At this time, users who are assigned the Review role (or is a member of the Reviewer role group) can't access data in Advanced eDiscovery in Microsoft 365 (also known as Advanced eDiscovery v2). To add members to a case in Advanced eDiscovery v2 so that they can review case data, a user must be a member of the eDiscovery Manager role group.

RMS Decrypt

This role lets users decrypt rights-protected email messages when exporting search results or preparing search results for analysis in Advanced eDiscovery. For more information about decrypting search results during export, see Export Content search results.

Search And Purge

This role lets users perform bulk removal of data matching the criteria of a content search. For more information, see Search for and delete email messages in your Office 365 organization.

More information

  • Why create an eDiscovery Administrator? As previously explained, an eDiscovery Administrator is member of the eDiscovery Manager role group who can view and access all eDiscovery cases in your organization. This ability to access all the eDiscovery cases has two important purposes:

    • If a person who is the only member of an eDiscovery case leaves your organization, no one (including members of the Organization Management role group or another member of the eDiscovery Manager role group) can access that eDiscovery case because they aren't a member of a case. In this situation, there would be no way to access the data in the case. But because an eDiscovery Administrator can access all eDiscovery cases in the organization, they can view the case and add themselves or another eDiscovery manager as a member of the case.

    • Because an eDiscovery Administrator can view and access all eDiscovery cases, they can audit and oversee all cases and associated compliance searches. This can help to prevent any misuse of compliance searches or eDiscovery cases. And because eDiscovery Administrators can access potentially sensitive information in the results of a compliance search, you should limit the number of people who are eDiscovery Administrators.

      Also, eDiscovery Administrators are automatically added as administrators in Advanced eDiscovery.
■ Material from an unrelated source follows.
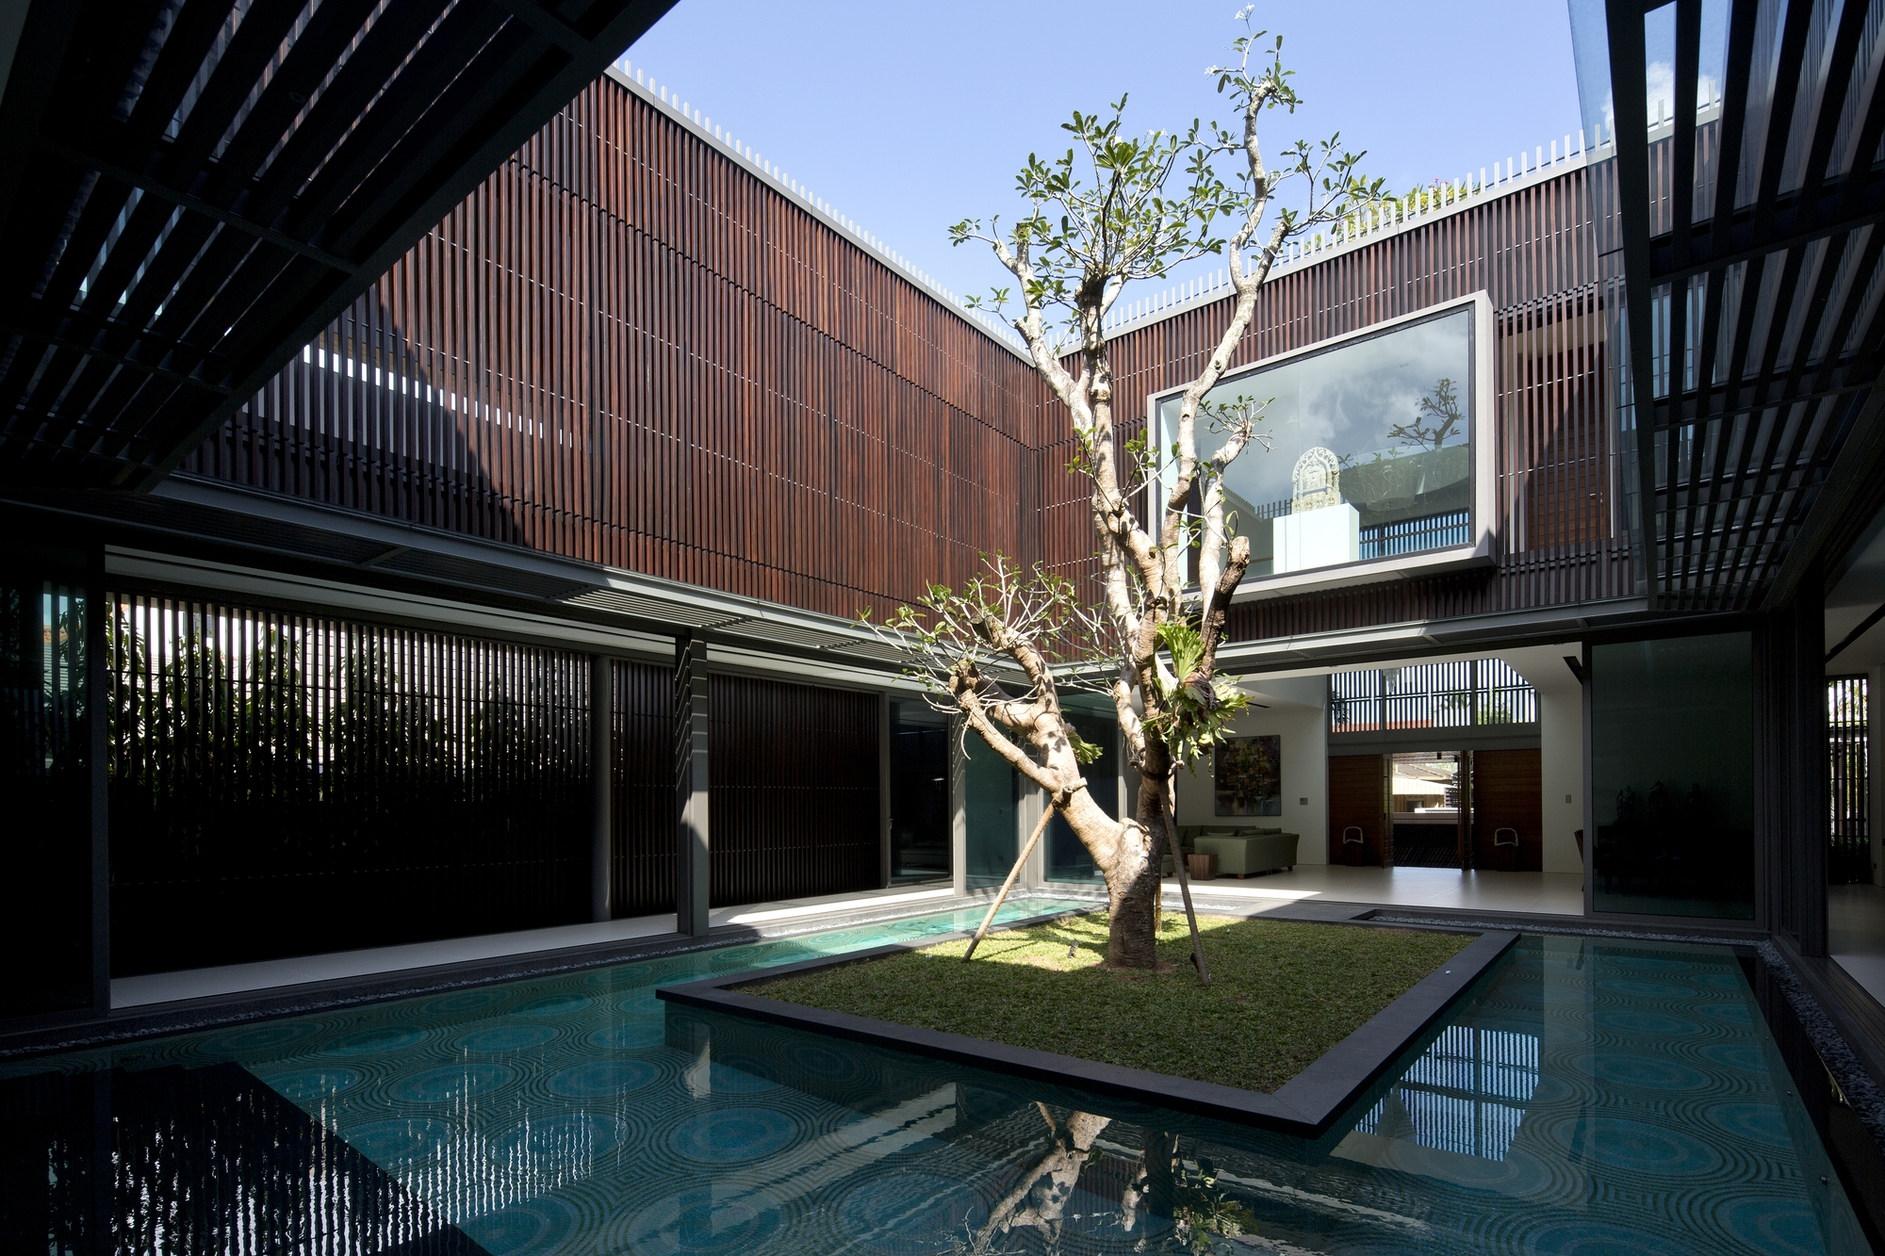 Centennial tree house by wallflower architecture design for Architecture and design tree house

That means a person must be an eDiscovery Administrator to do administrative tasks in Advanced eDiscovery, such as setting up users, creating cases, and importing data in to a case.
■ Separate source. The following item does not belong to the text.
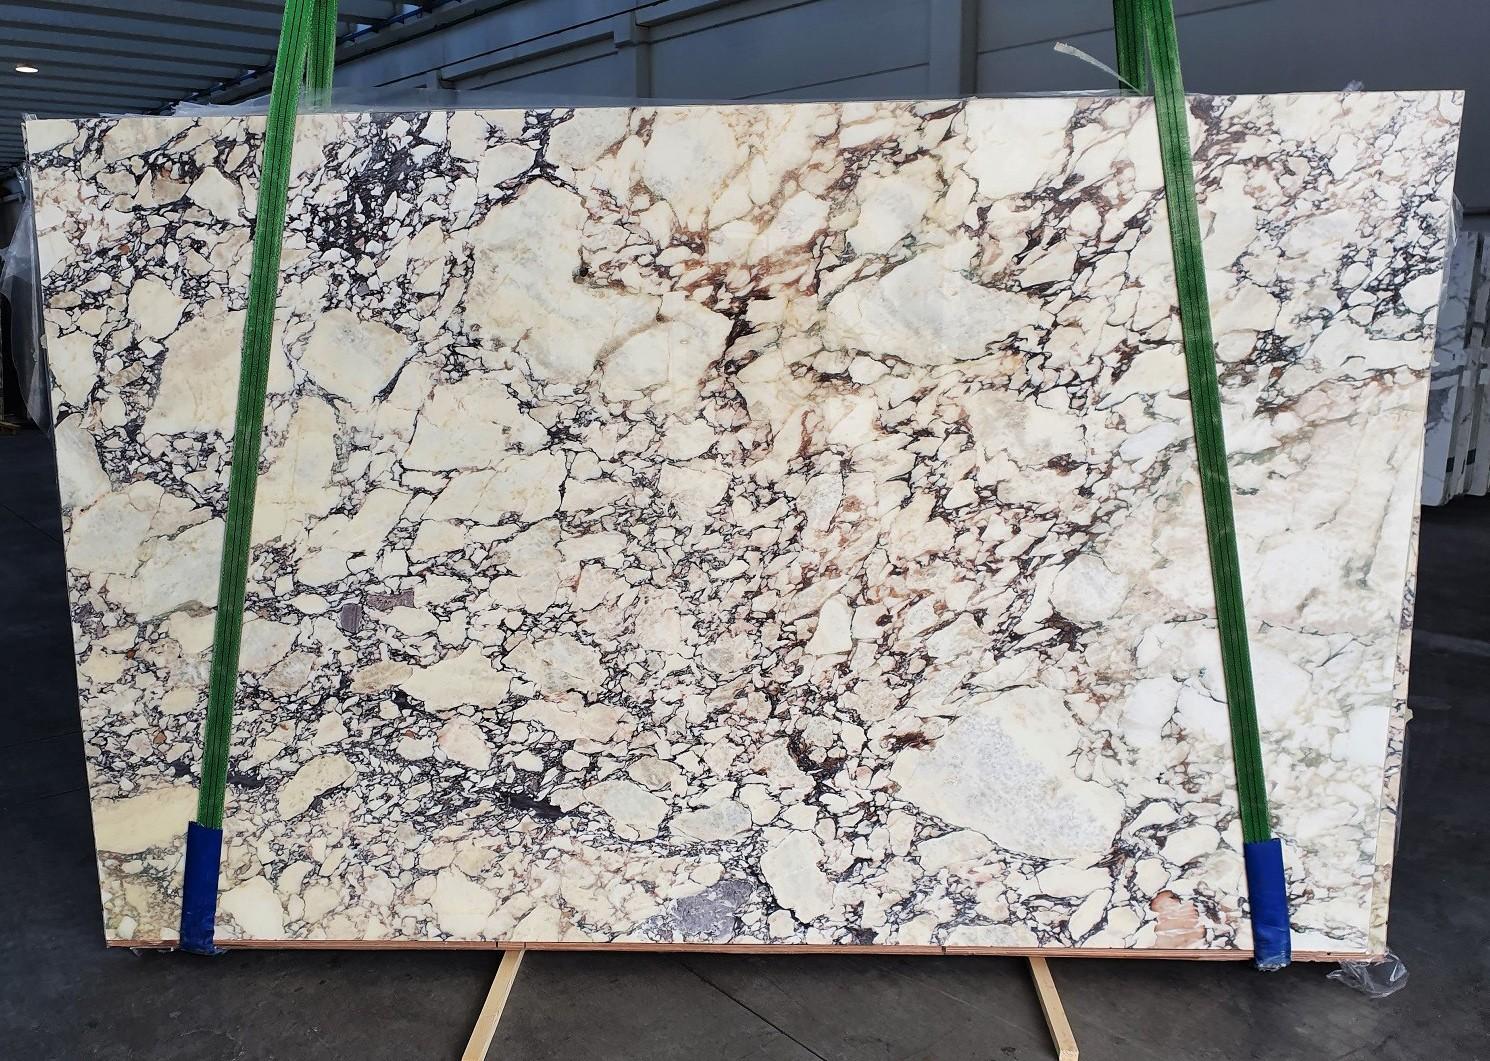 CALACATTA VIOLA Supply Veneto (Italy) polished slabs 1291 , Slab #10 natural marble

  • Can I add a group as a member of the eDiscovery Manager role group? As previously explained, you can add a mail-enabled security group as a member of the eDiscovery Managers subgroup in the eDiscovery Manager role group by using the Add-RoleGroupMember cmdlet in Security & Compliance Center PowerShell. For example, you can run the following command to add a mail-enabled security group to the eDiscovery Manager role group.

    Add-RoleGroupMember "eDiscovery Manager" -Member <name of security group>
    

    Exchange distribution groups and Office 365 groups aren't supported. You must use a mail-enabled security group, which you can create in Exchange Online PowerShell by using the New-DistributionGroup -Type Security command. You can also create a mail-enabled security group (and add members) in the Exchange admin center or in the Microsoft 365 admin center. It might take up to 60 minutes after you create it for a new mail-enabled security to be available to add to the eDiscovery Managers role group.

    Also as previously stated, you can't make a mail-enabled security group an eDiscovery Administrator by using the Add-eDiscoveryCaseAdmin cmdlet in Security & Compliance Center PowerShell. You can only add individual users as eDiscovery Administrators.

    You also can't add a mail-enabled security group as a member of a case.